__What this task involves__
The line with "Canoby bed in calming blue bedroom" marks the first line to copy, and the line with "Final fantasy logo art - photo#35" marks the last. Transcribe that stretch of the data below exactly, without pictures.

__Extracted material__

————————

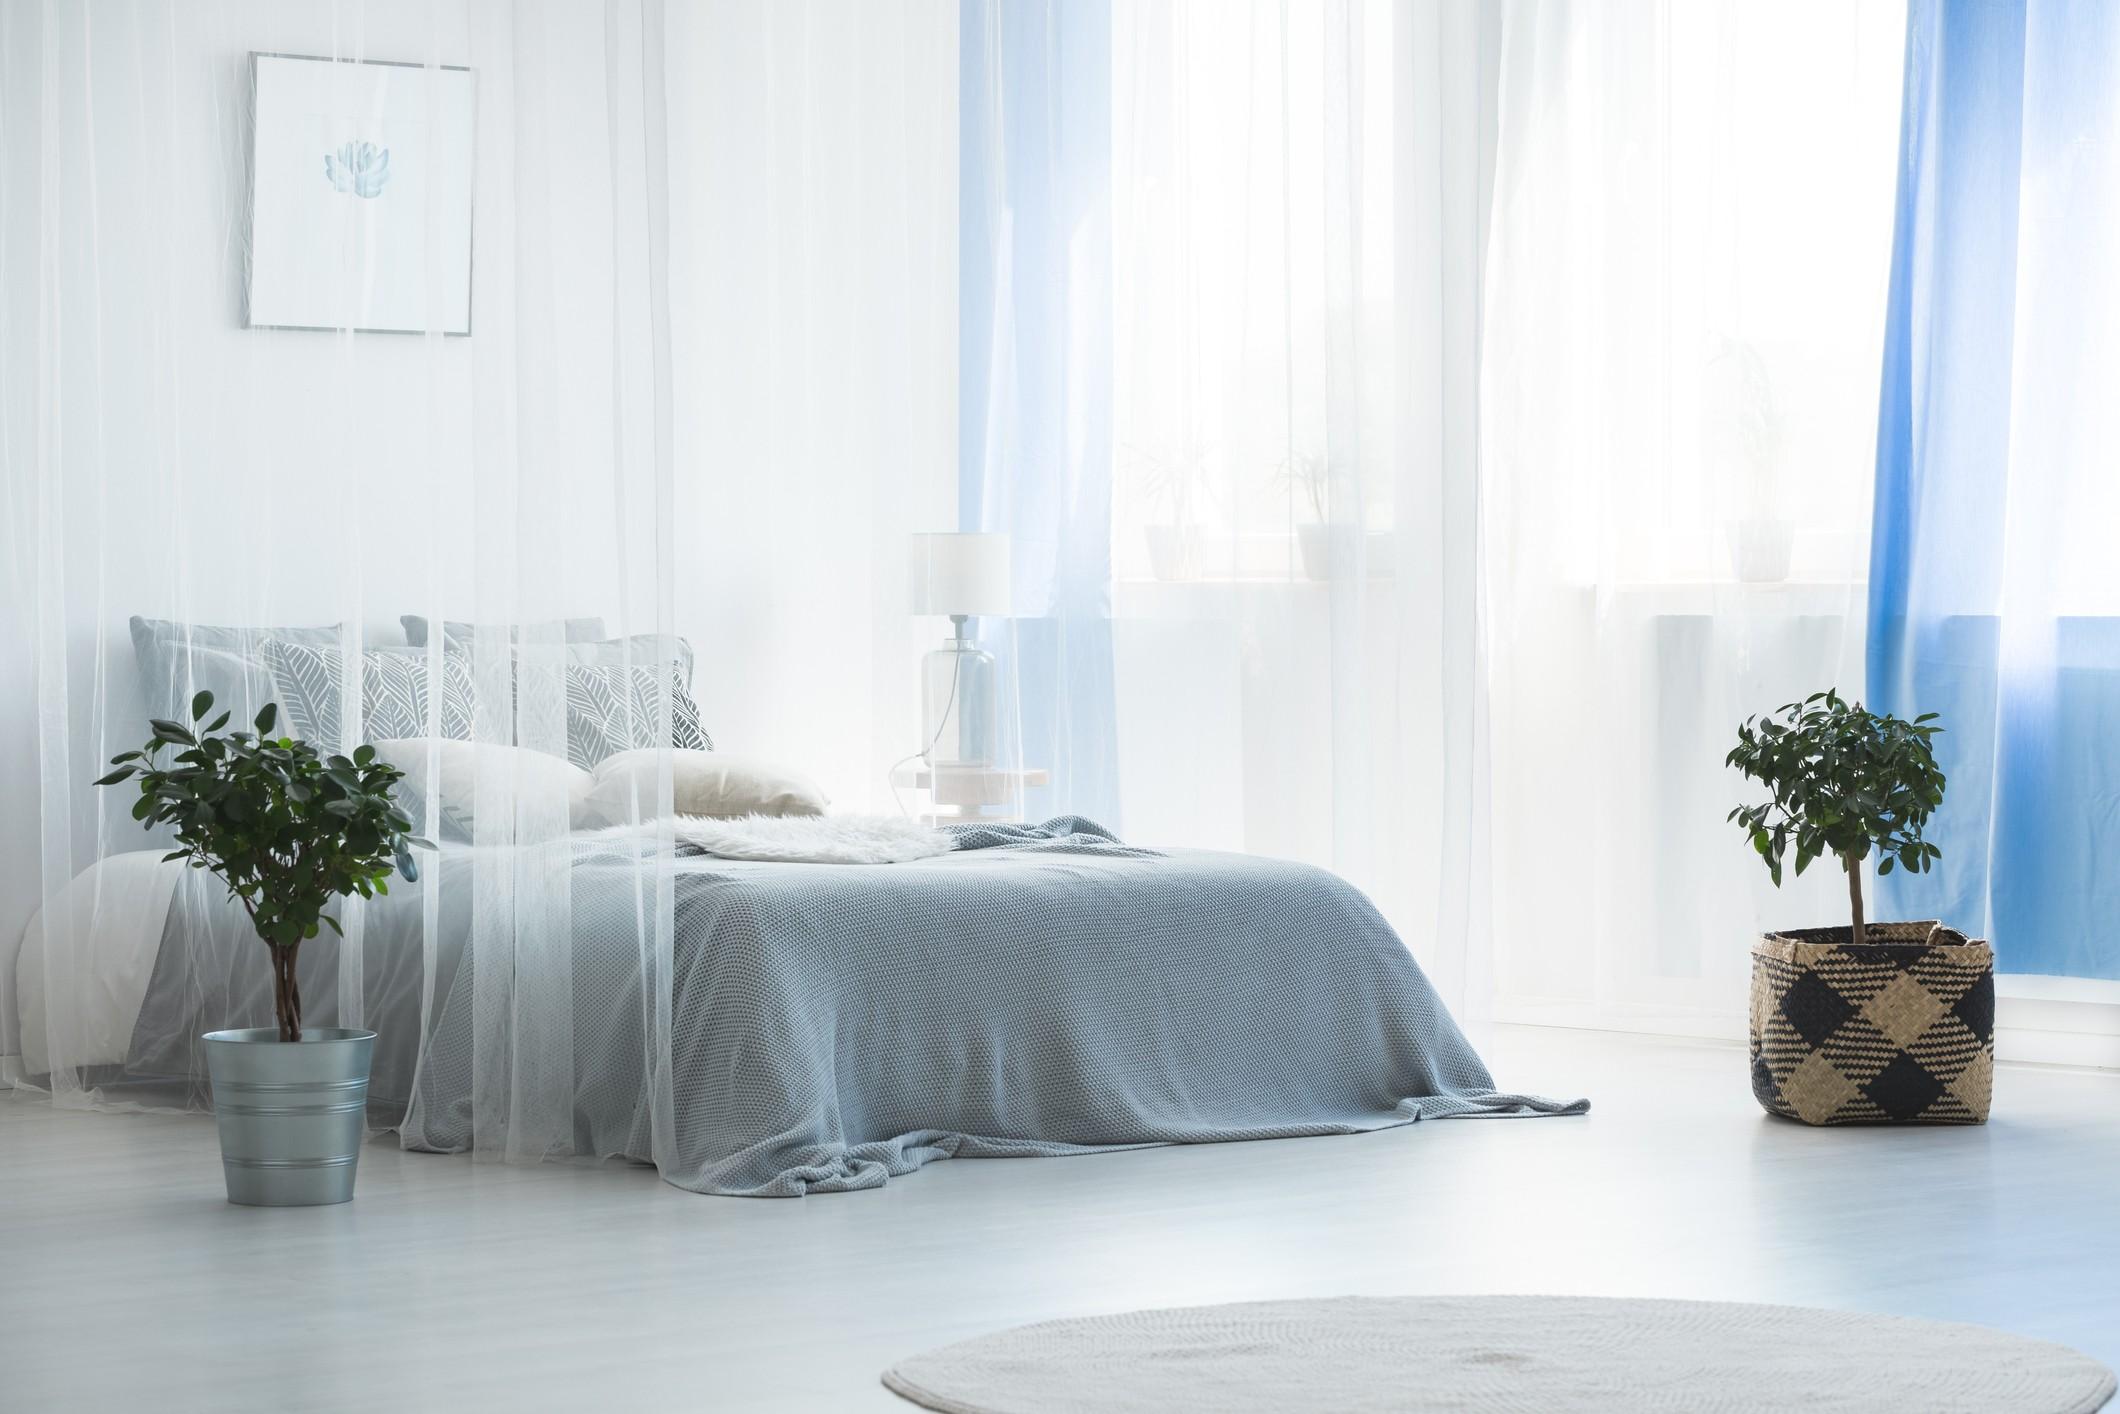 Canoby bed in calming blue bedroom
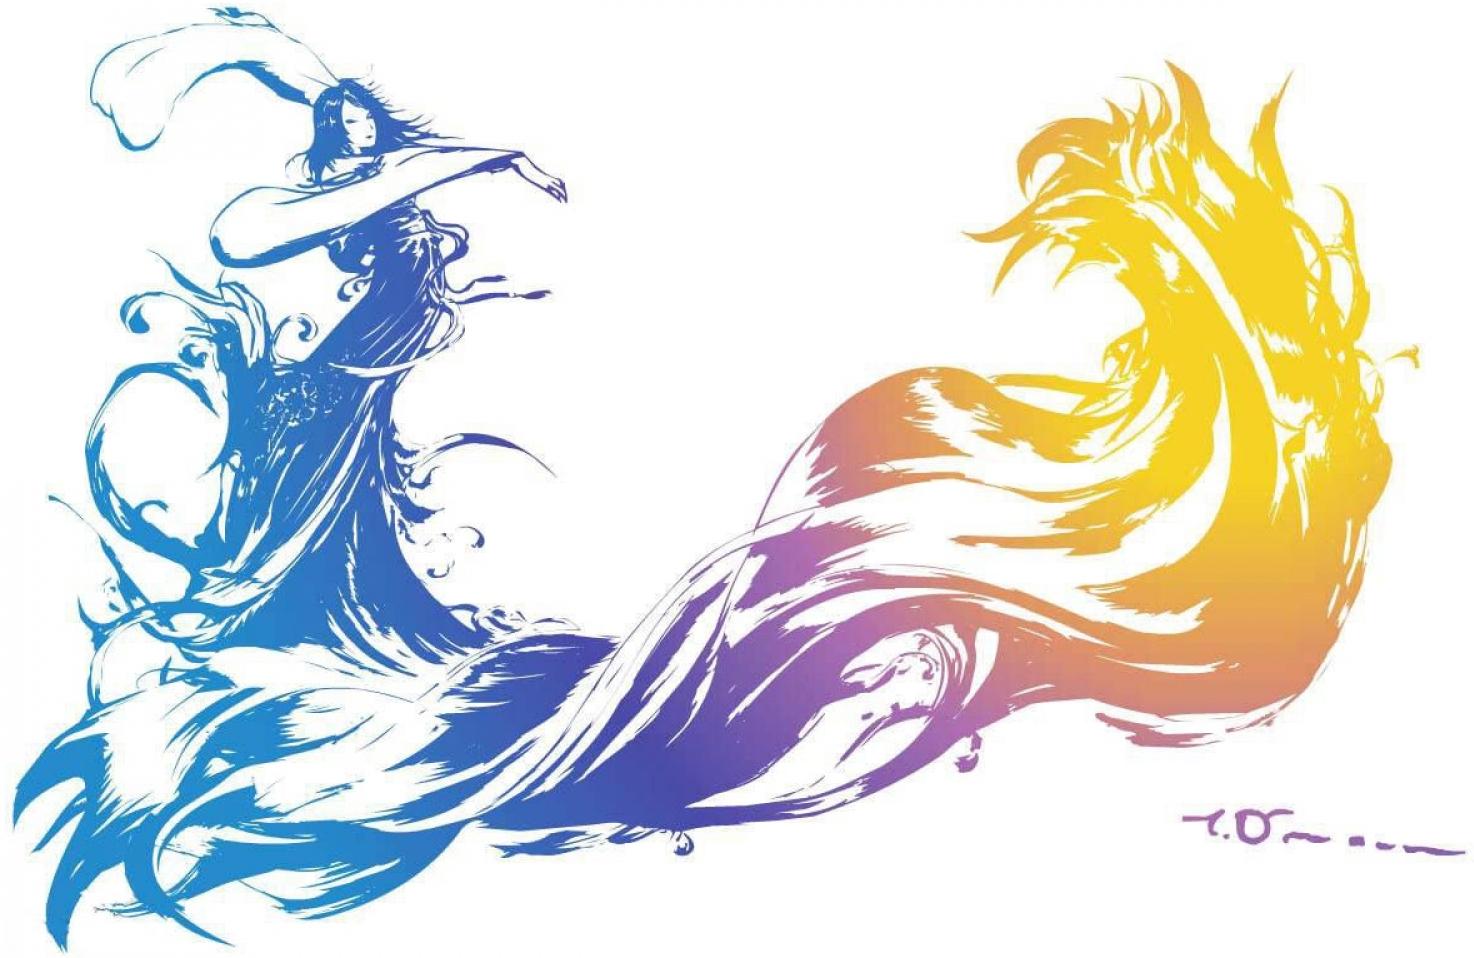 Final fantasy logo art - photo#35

————————

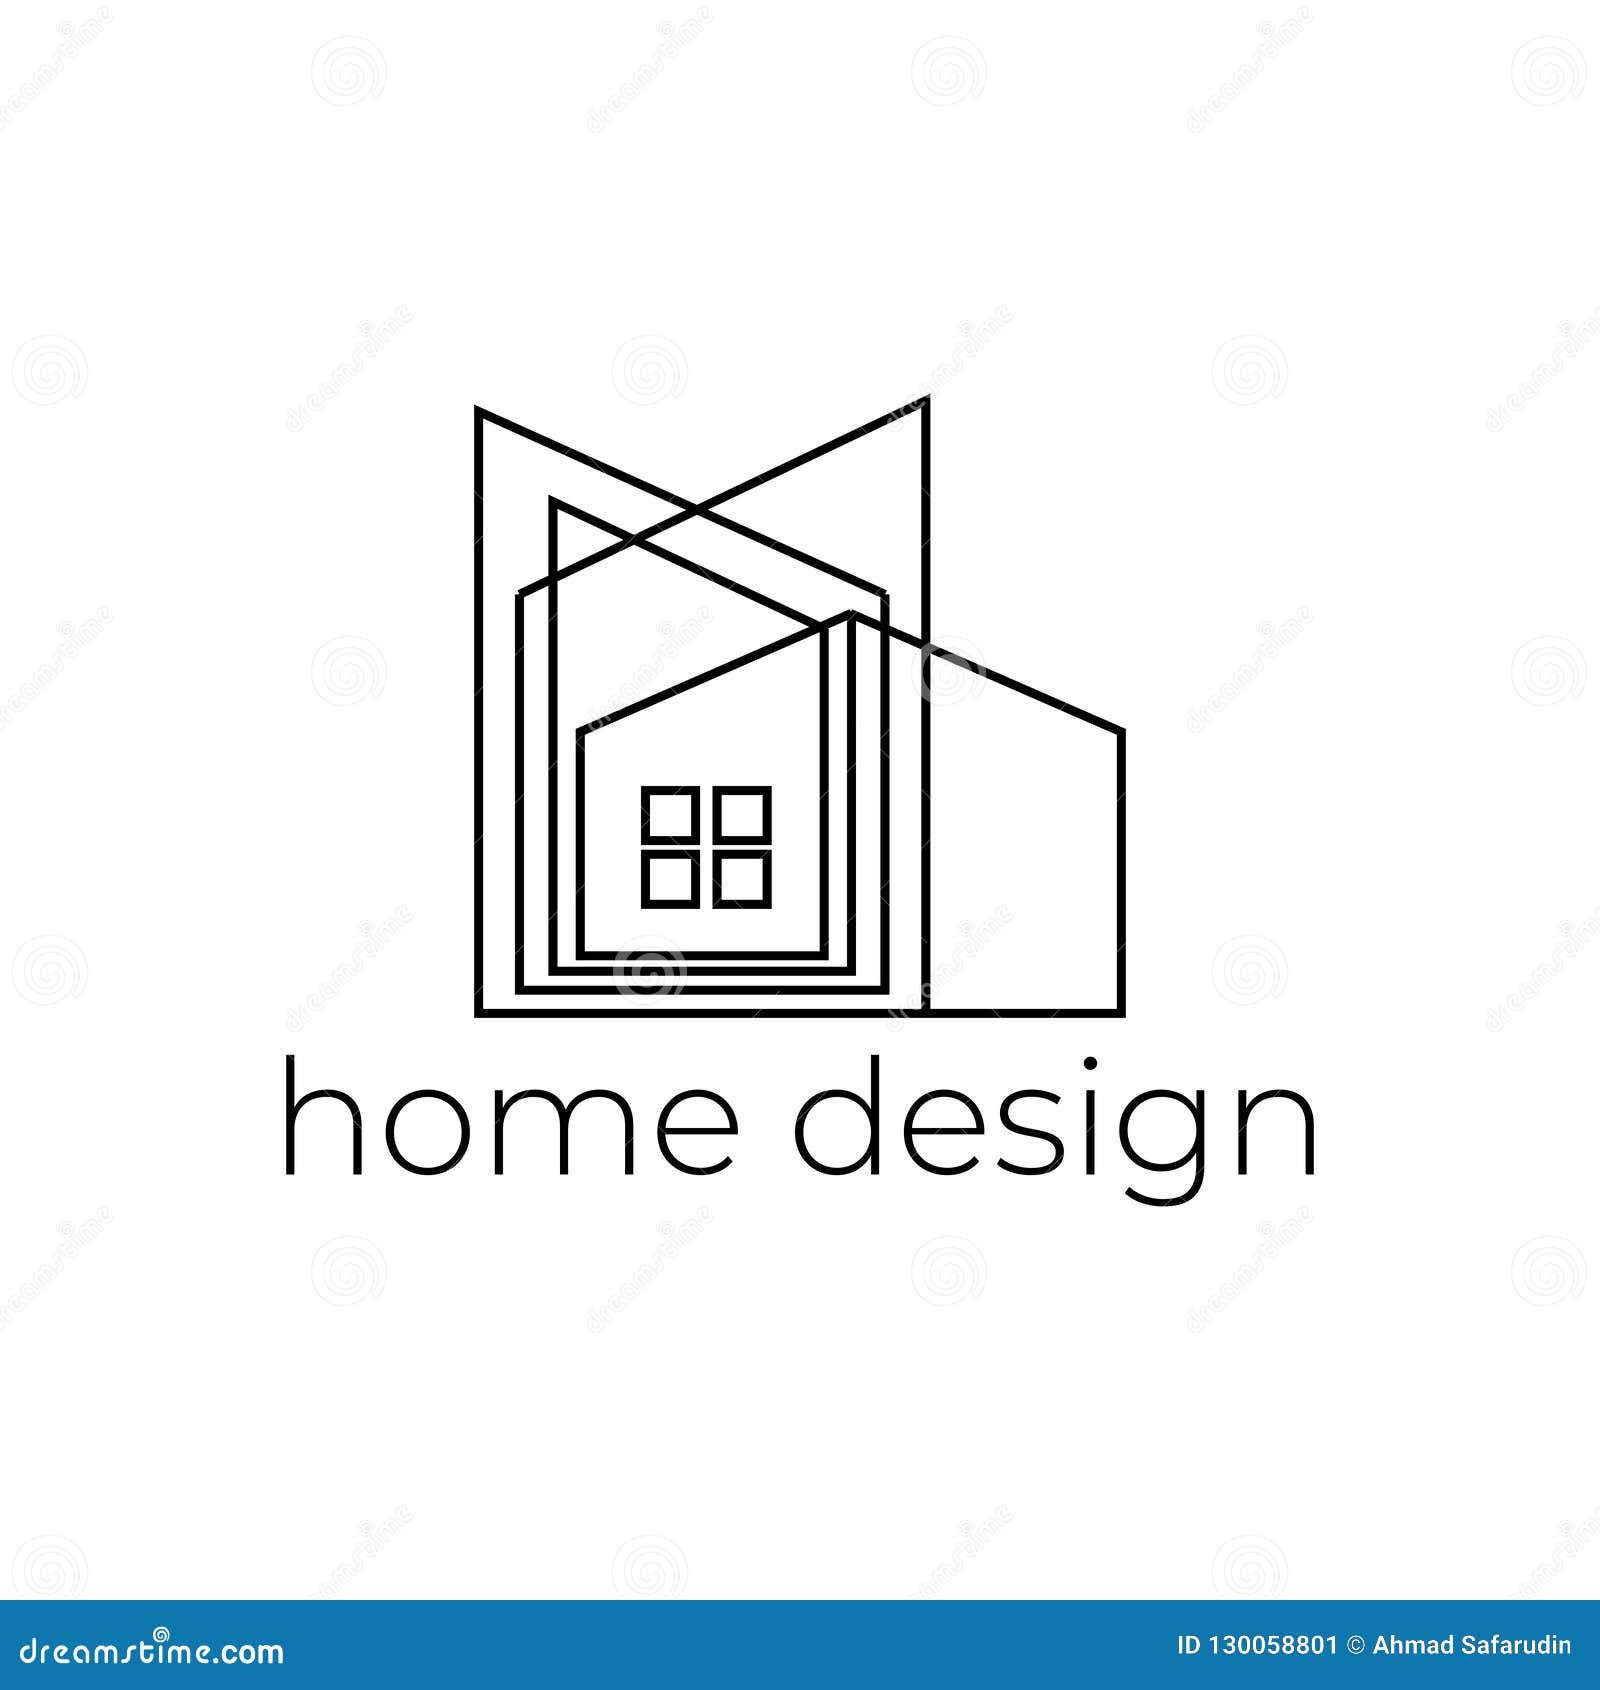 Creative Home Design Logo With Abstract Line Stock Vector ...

————————

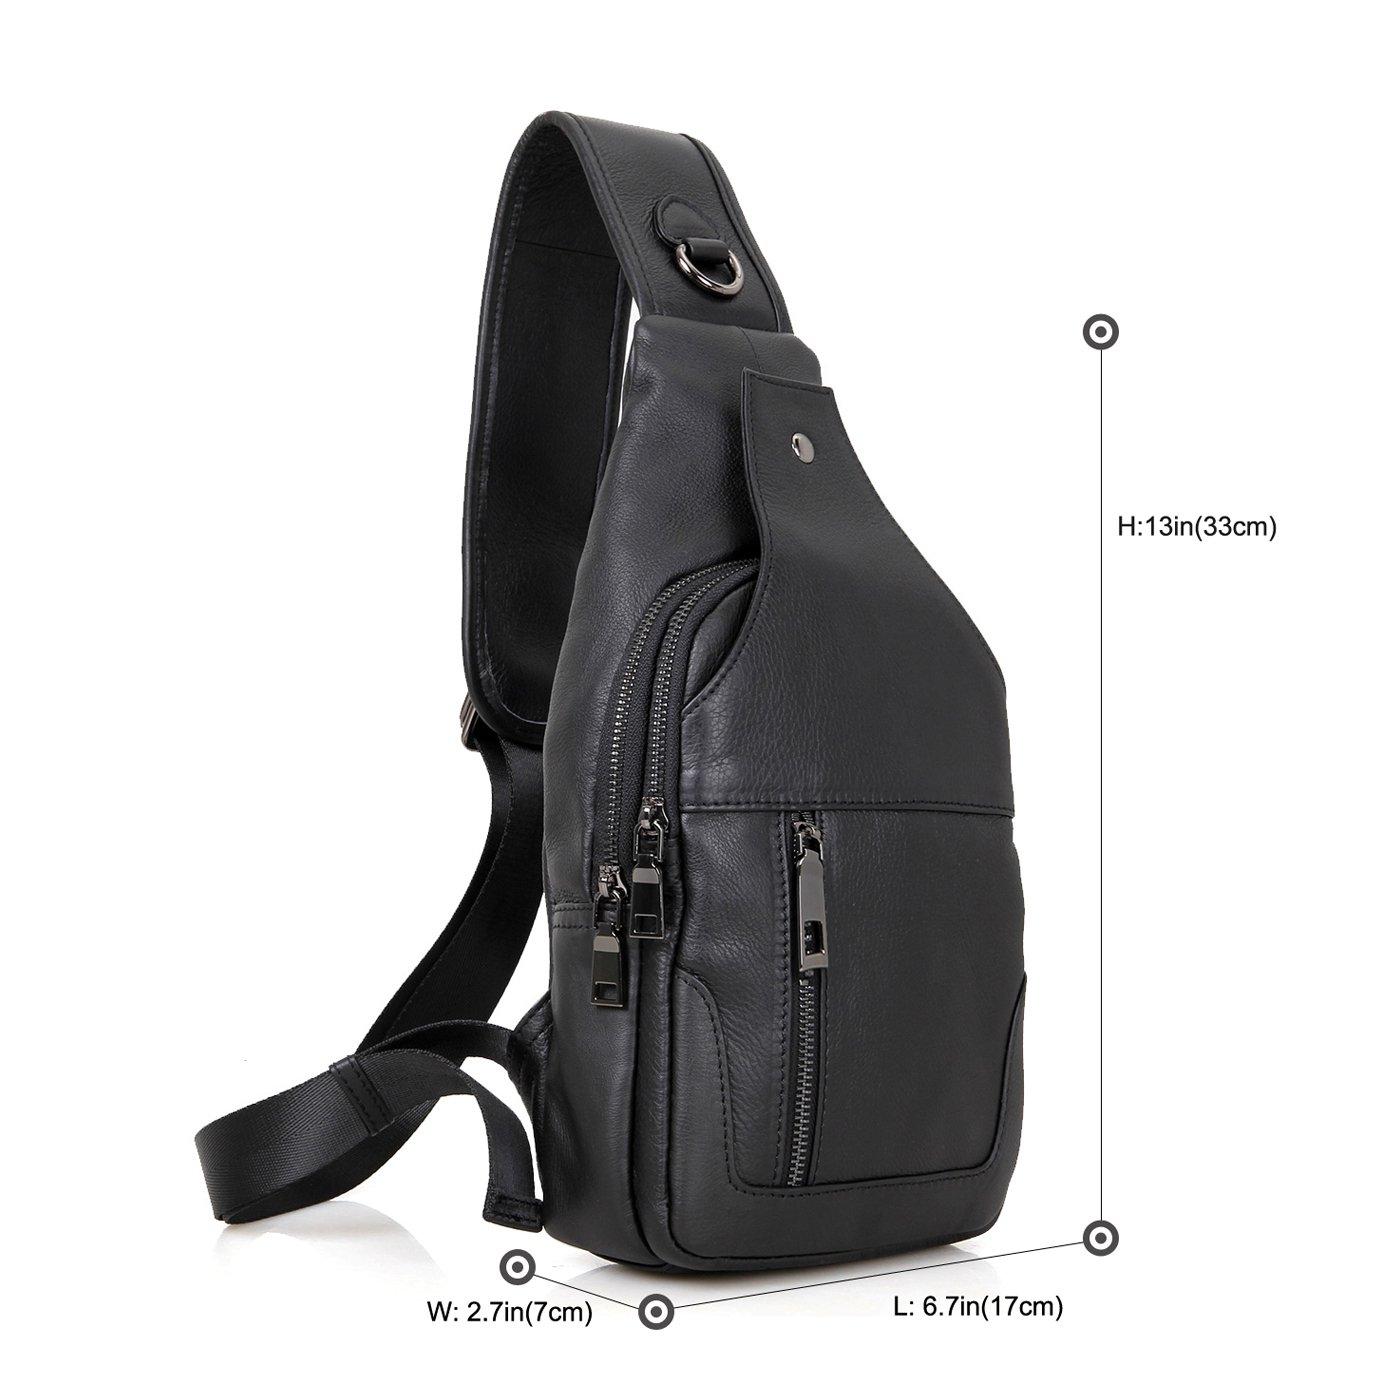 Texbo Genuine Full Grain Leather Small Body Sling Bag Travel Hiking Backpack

————————

__Written solution__
 Canoby bed in calming blue bedroom
 Final fantasy logo art - photo#35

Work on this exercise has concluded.